━━━ DATA BLOCK ━━━

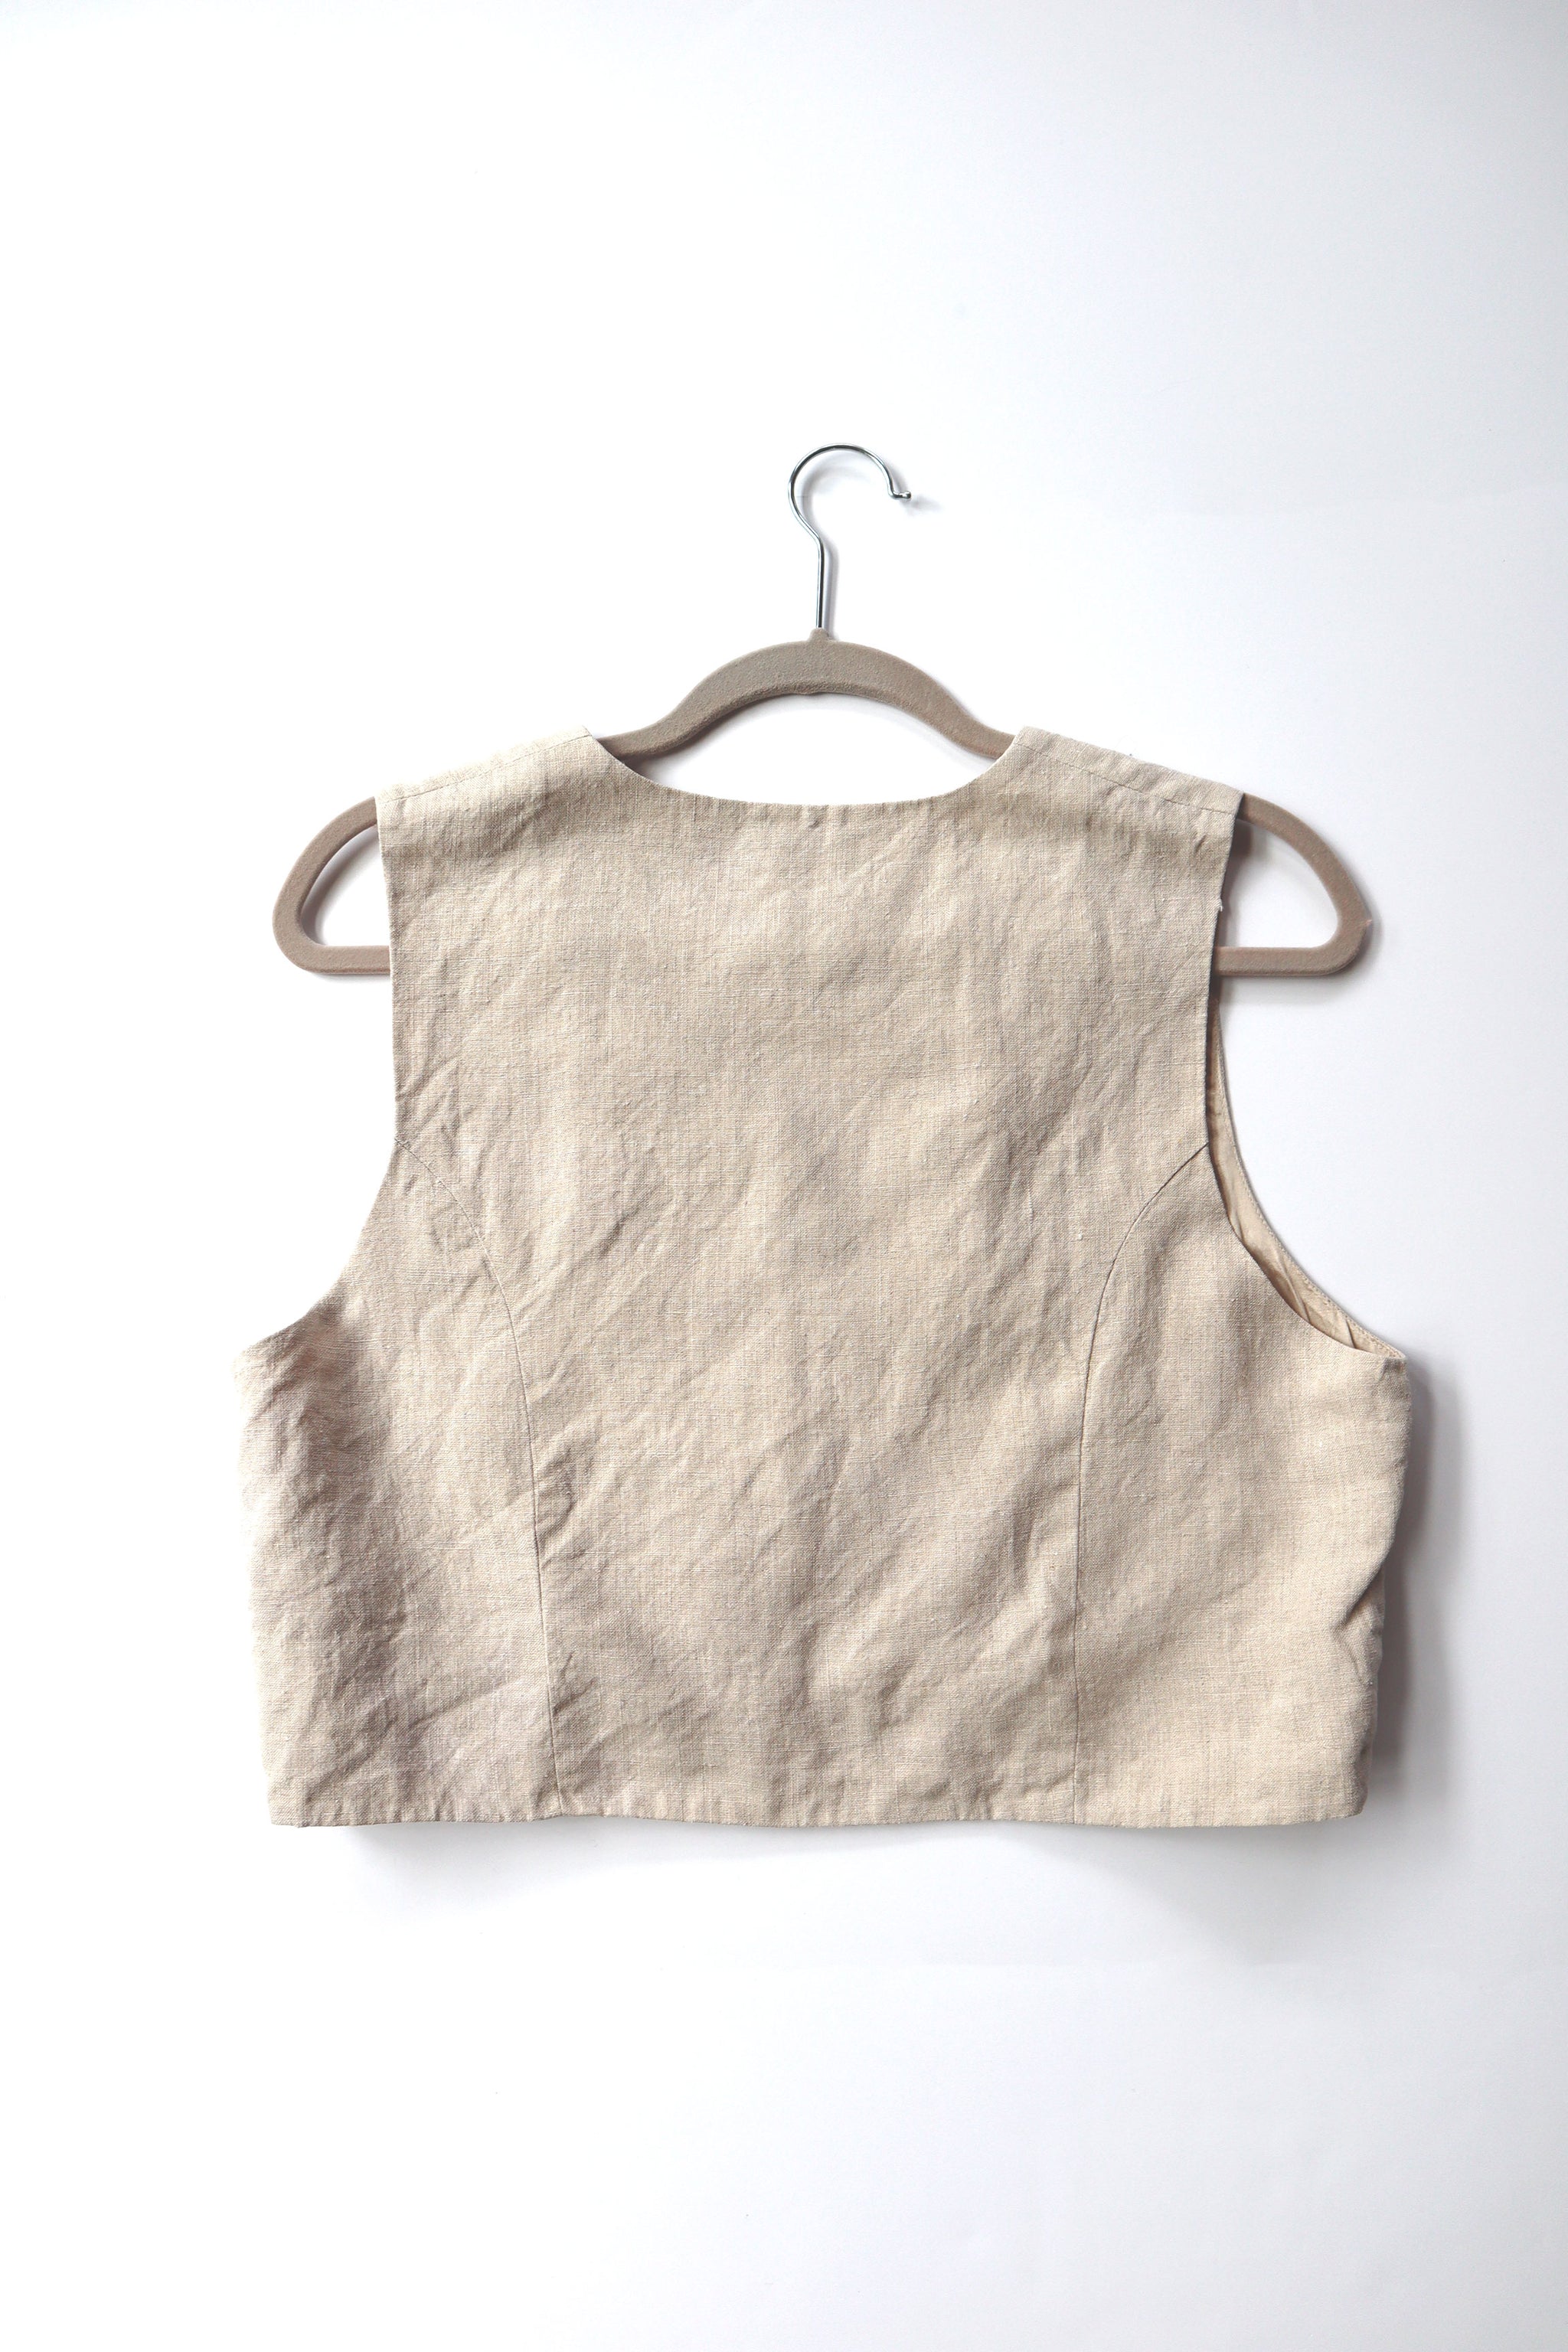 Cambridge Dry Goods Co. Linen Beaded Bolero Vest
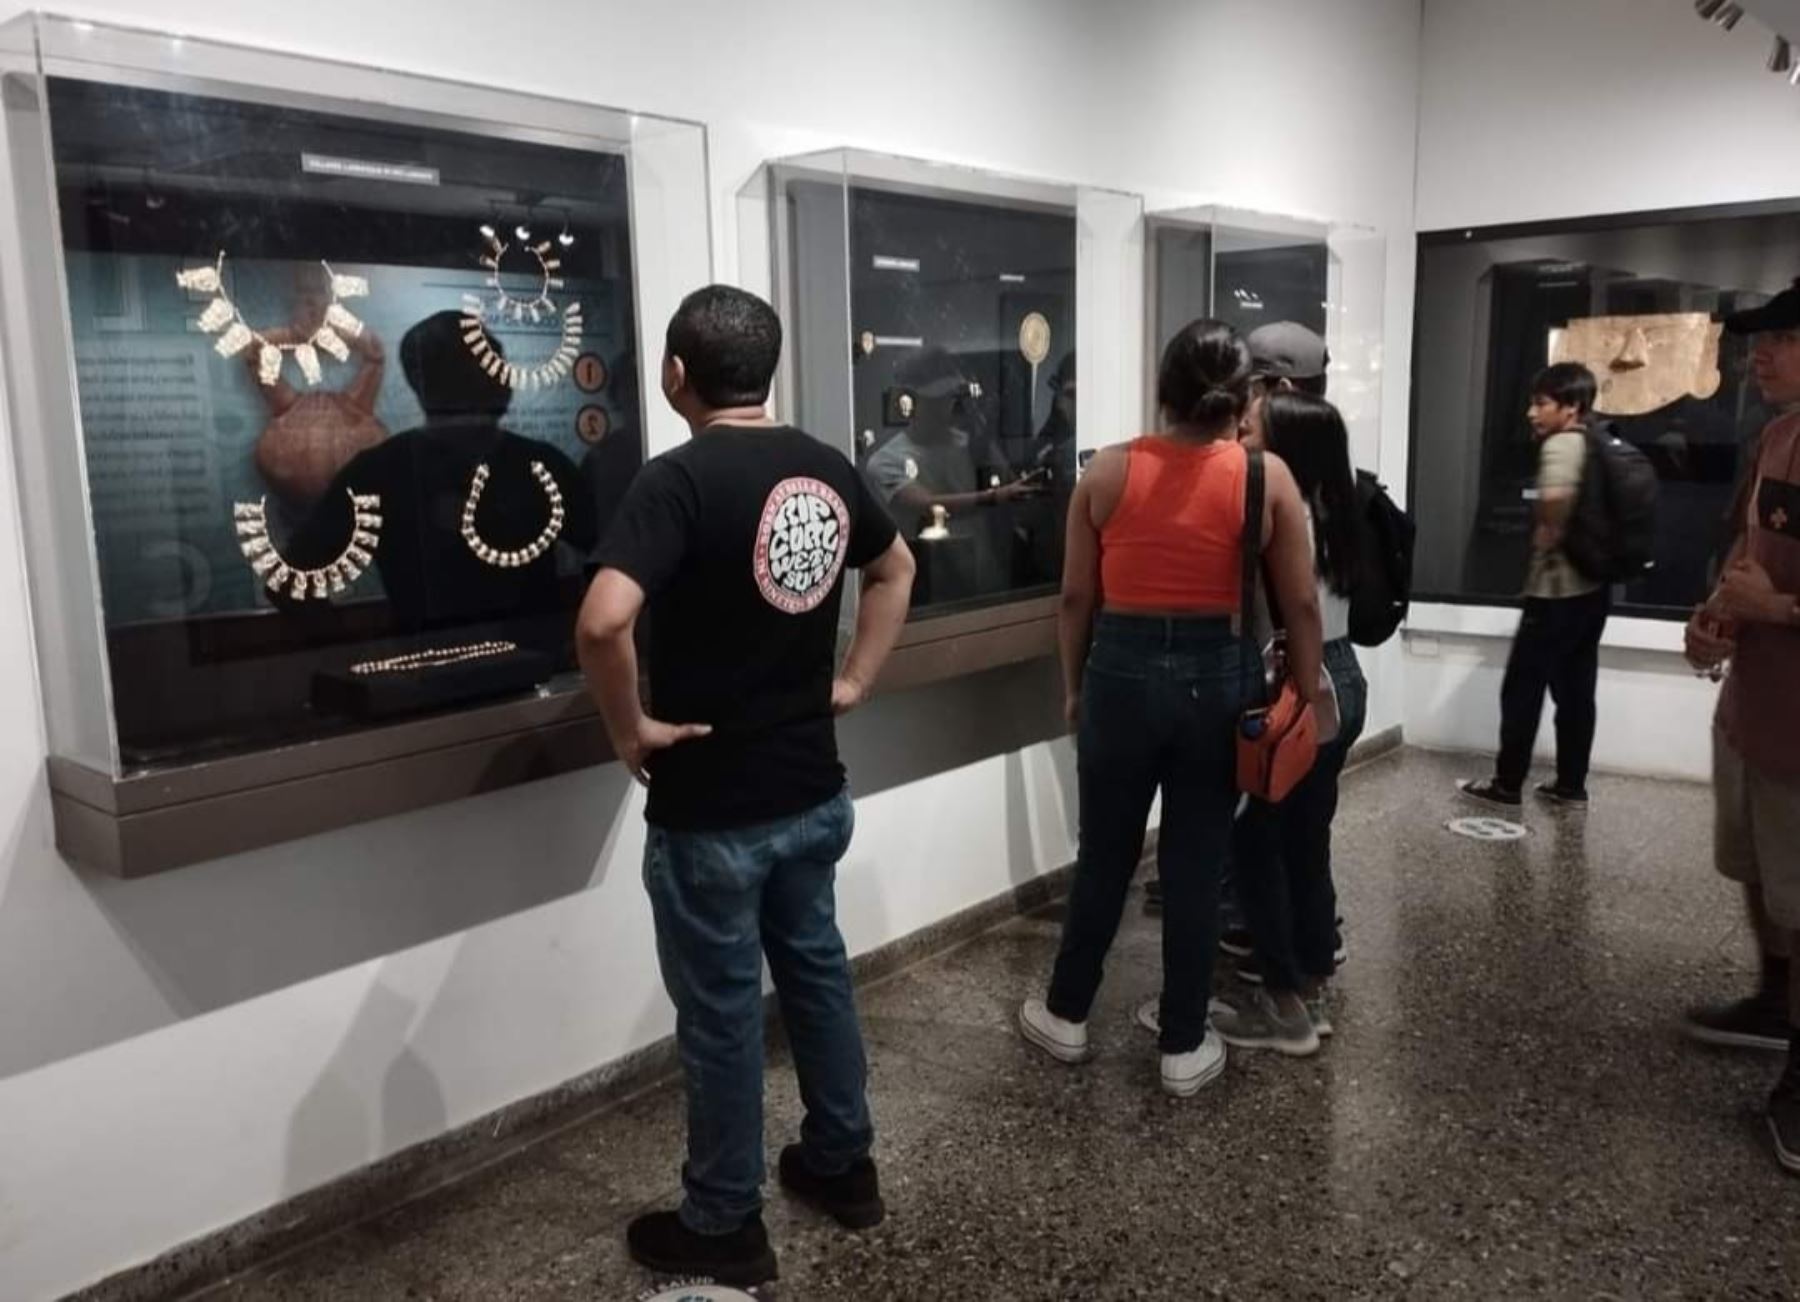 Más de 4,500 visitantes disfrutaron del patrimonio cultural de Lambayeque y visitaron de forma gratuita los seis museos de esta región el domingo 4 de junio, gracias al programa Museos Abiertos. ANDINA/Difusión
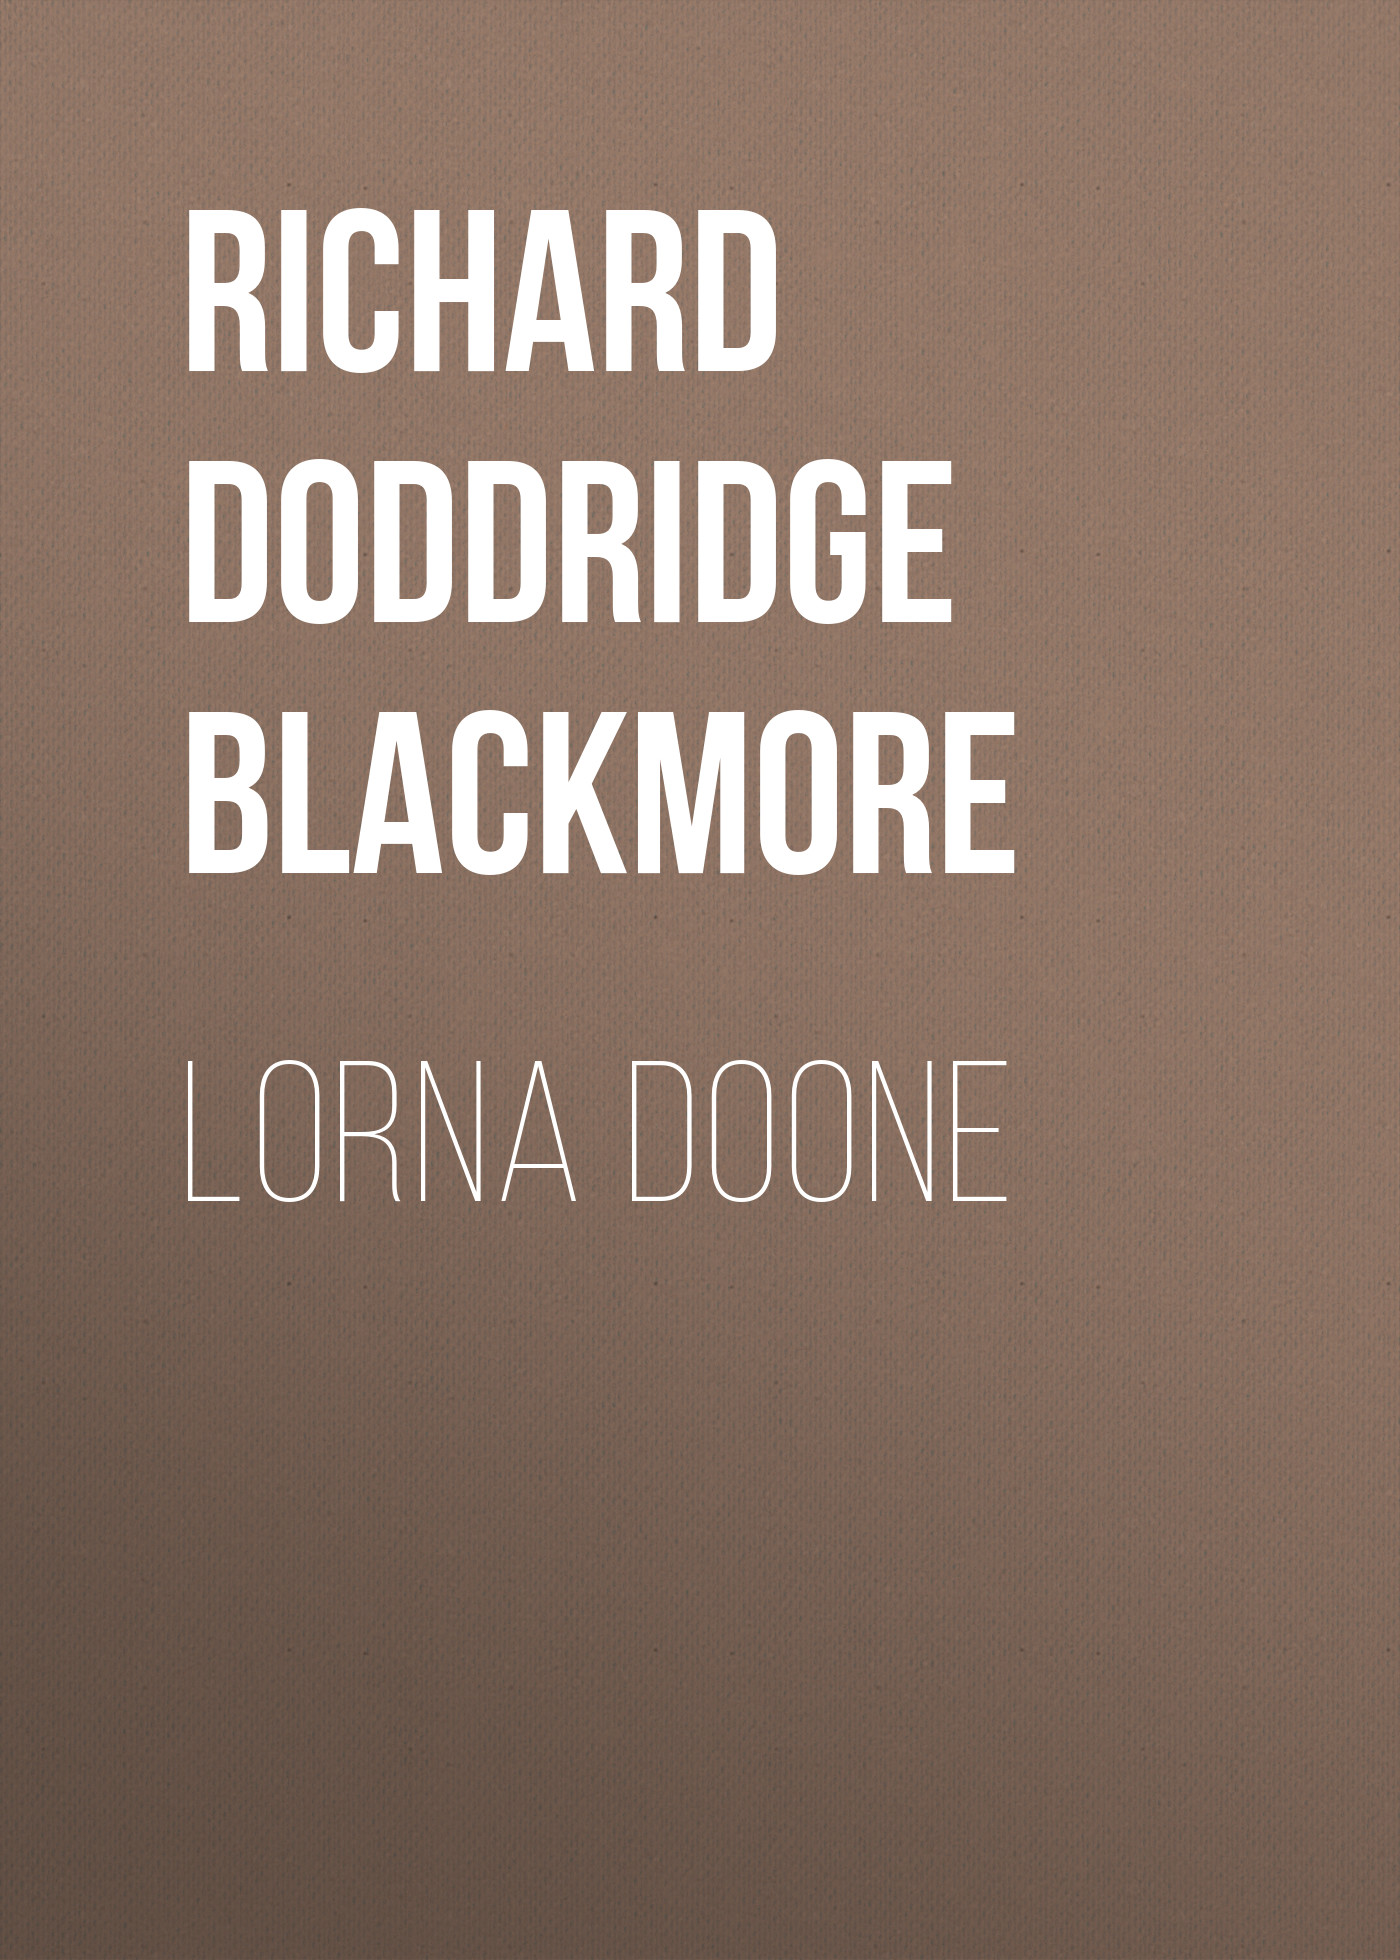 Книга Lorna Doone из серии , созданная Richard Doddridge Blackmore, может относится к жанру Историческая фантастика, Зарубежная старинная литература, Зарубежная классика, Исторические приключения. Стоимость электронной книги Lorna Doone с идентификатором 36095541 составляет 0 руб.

━━━

● EXERCISE DESCRIPTION
Pictures included in the data should be dropped; everything else must be repeated exactly.

● TASK OUTPUT
 Cambridge Dry Goods Co. Linen Beaded Bolero Vest
 Más de 4,500 visitantes disfrutaron del patrimonio cultural de Lambayeque y visitaron de forma gratuita los seis museos de esta región el domingo 4 de junio, gracias al programa Museos Abiertos. ANDINA/Difusión
 Книга Lorna Doone из серии , созданная Richard Doddridge Blackmore, может относится к жанру Историческая фантастика, Зарубежная старинная литература, Зарубежная классика, Исторические приключения. Стоимость электронной книги Lorna Doone с идентификатором 36095541 составляет 0 руб.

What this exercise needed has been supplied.